■ Task ■
Return the lines of the listing below exactly as they appear, beginning at the one with "Net & Leaf Cover Storage Bag" and stopping after the one with "Seronex® caja con"; do not include pictures.
(Material for this task Opens)
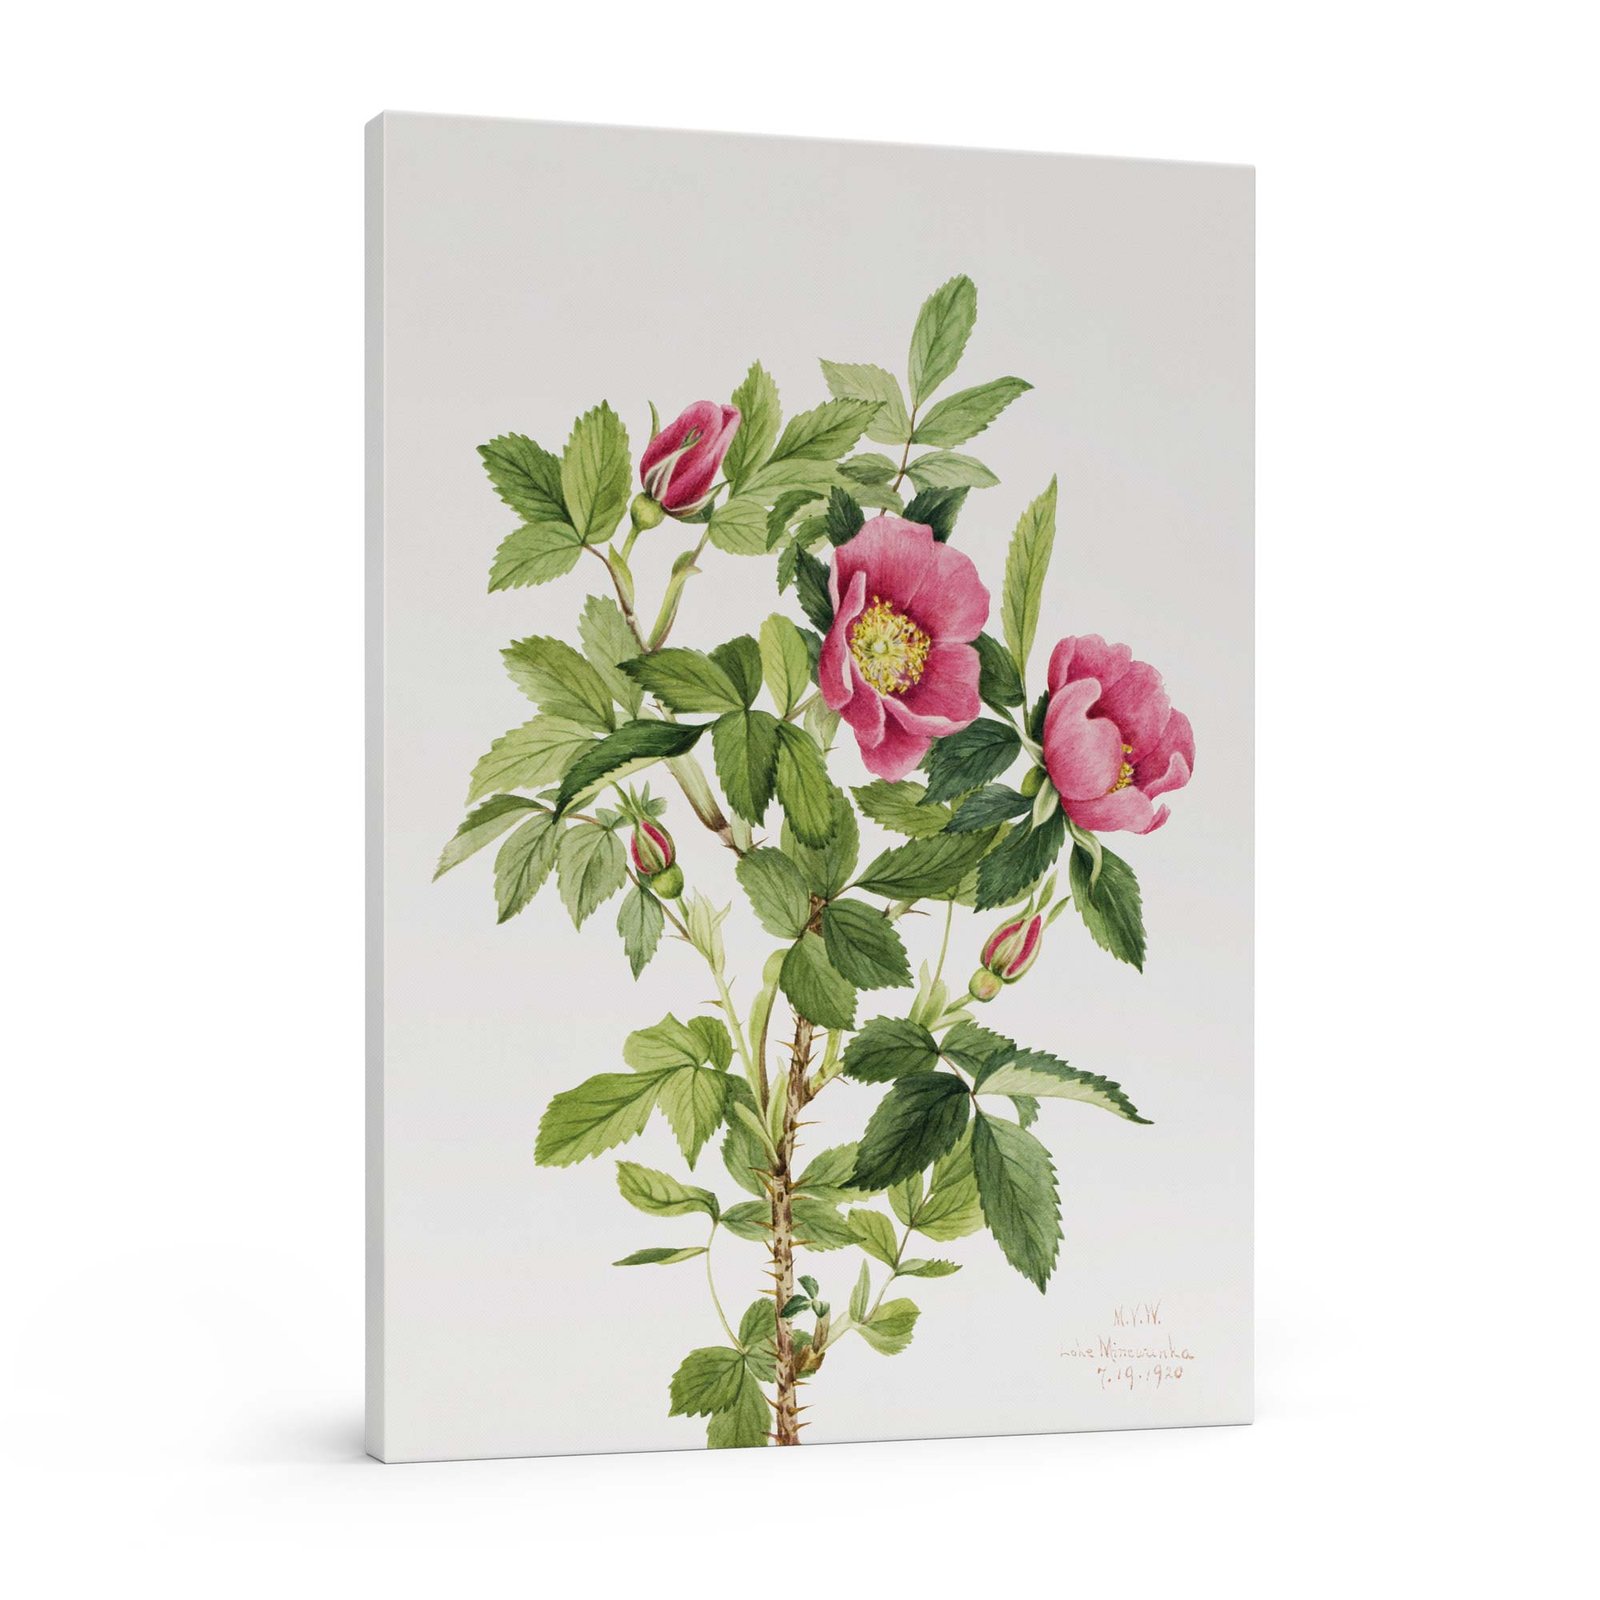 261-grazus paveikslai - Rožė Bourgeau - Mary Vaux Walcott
(Material for this task Closes)
(Material for this task Opens)
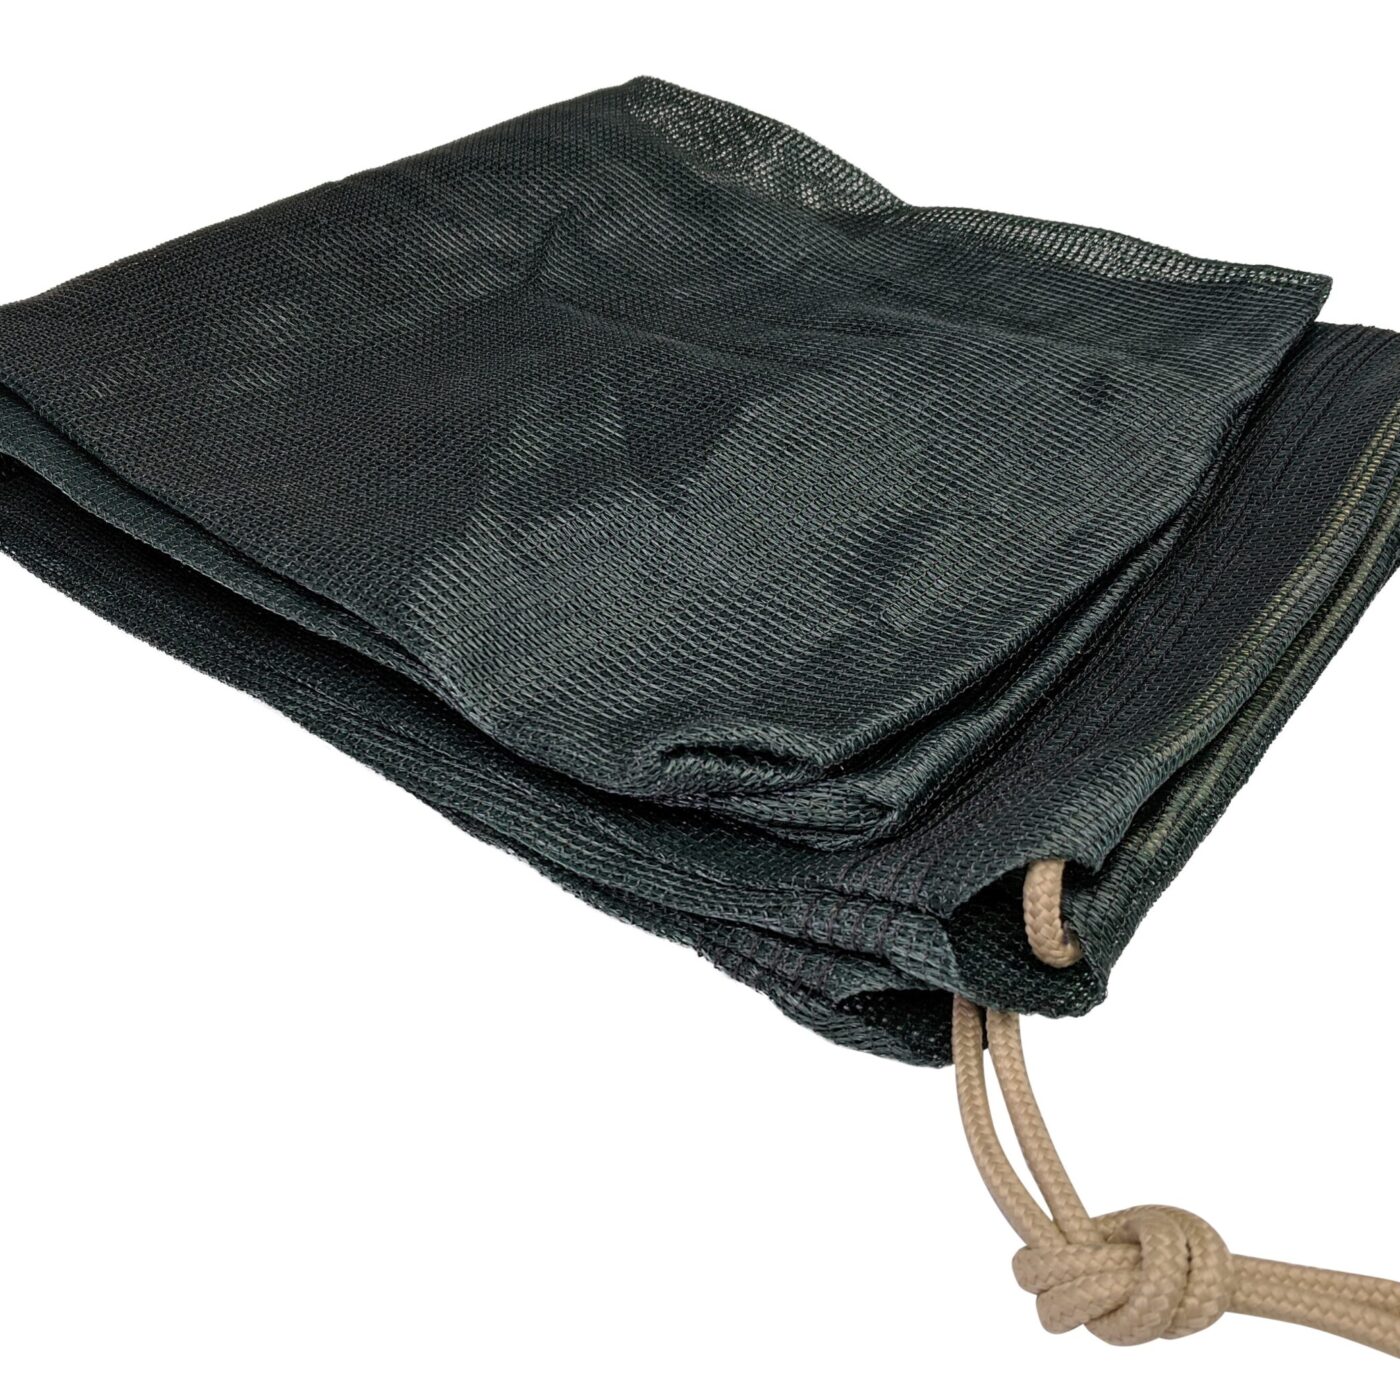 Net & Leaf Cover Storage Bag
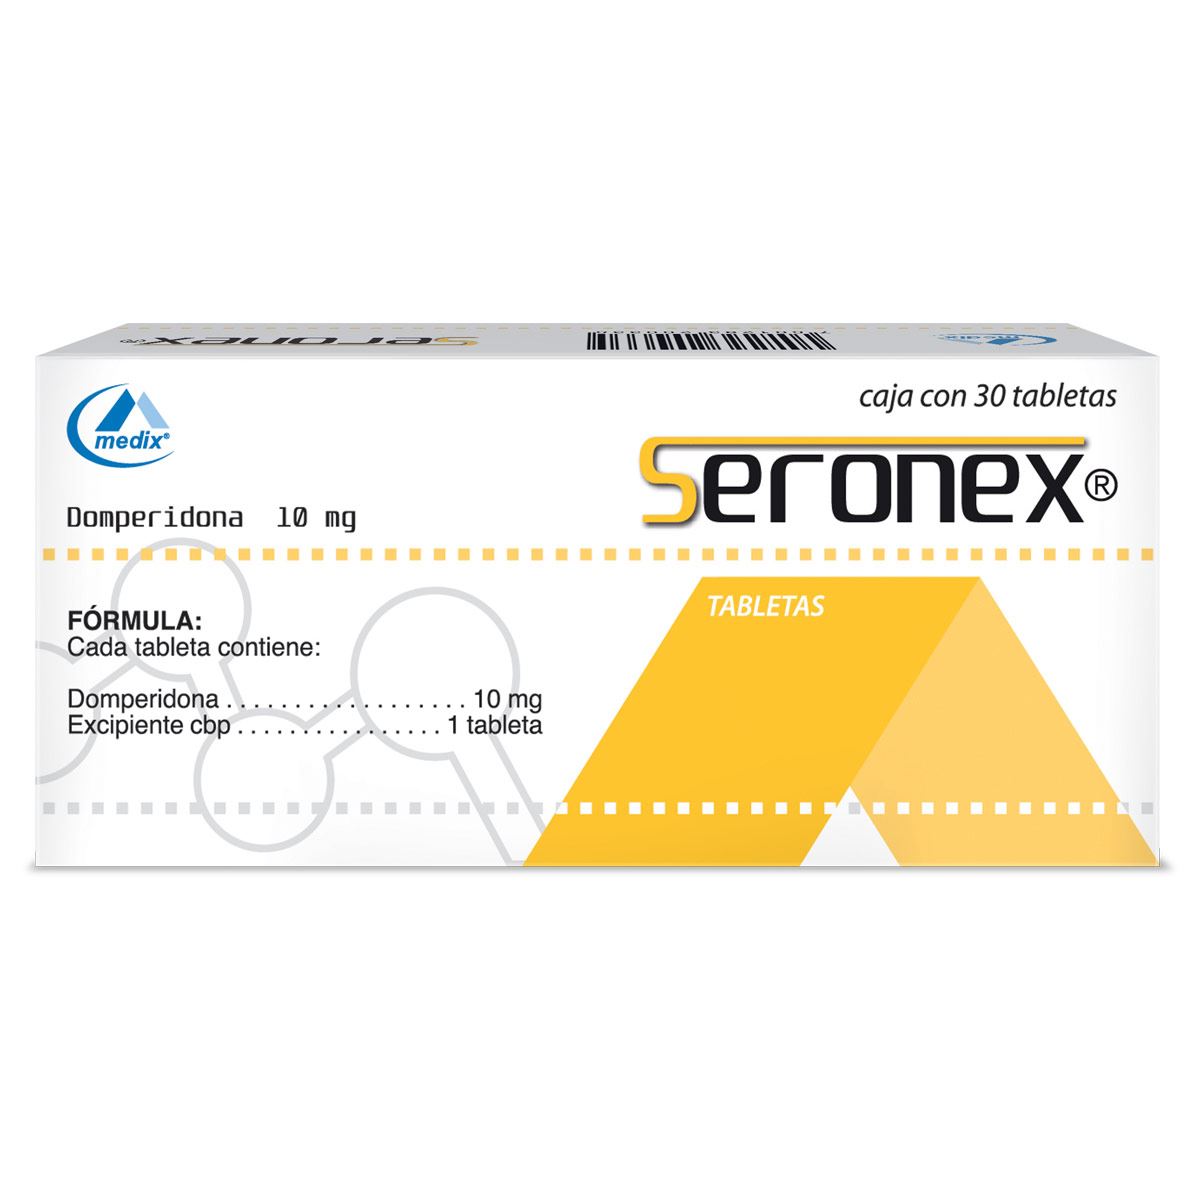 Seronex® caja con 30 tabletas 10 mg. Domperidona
(Material for this task Closes)
(Material for this task Opens)
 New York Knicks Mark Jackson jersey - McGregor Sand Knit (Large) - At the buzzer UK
(Material for this task Closes)
■ Written response ■
 Net & Leaf Cover Storage Bag
 Seronex® caja con 30 tabletas 10 mg. Domperidona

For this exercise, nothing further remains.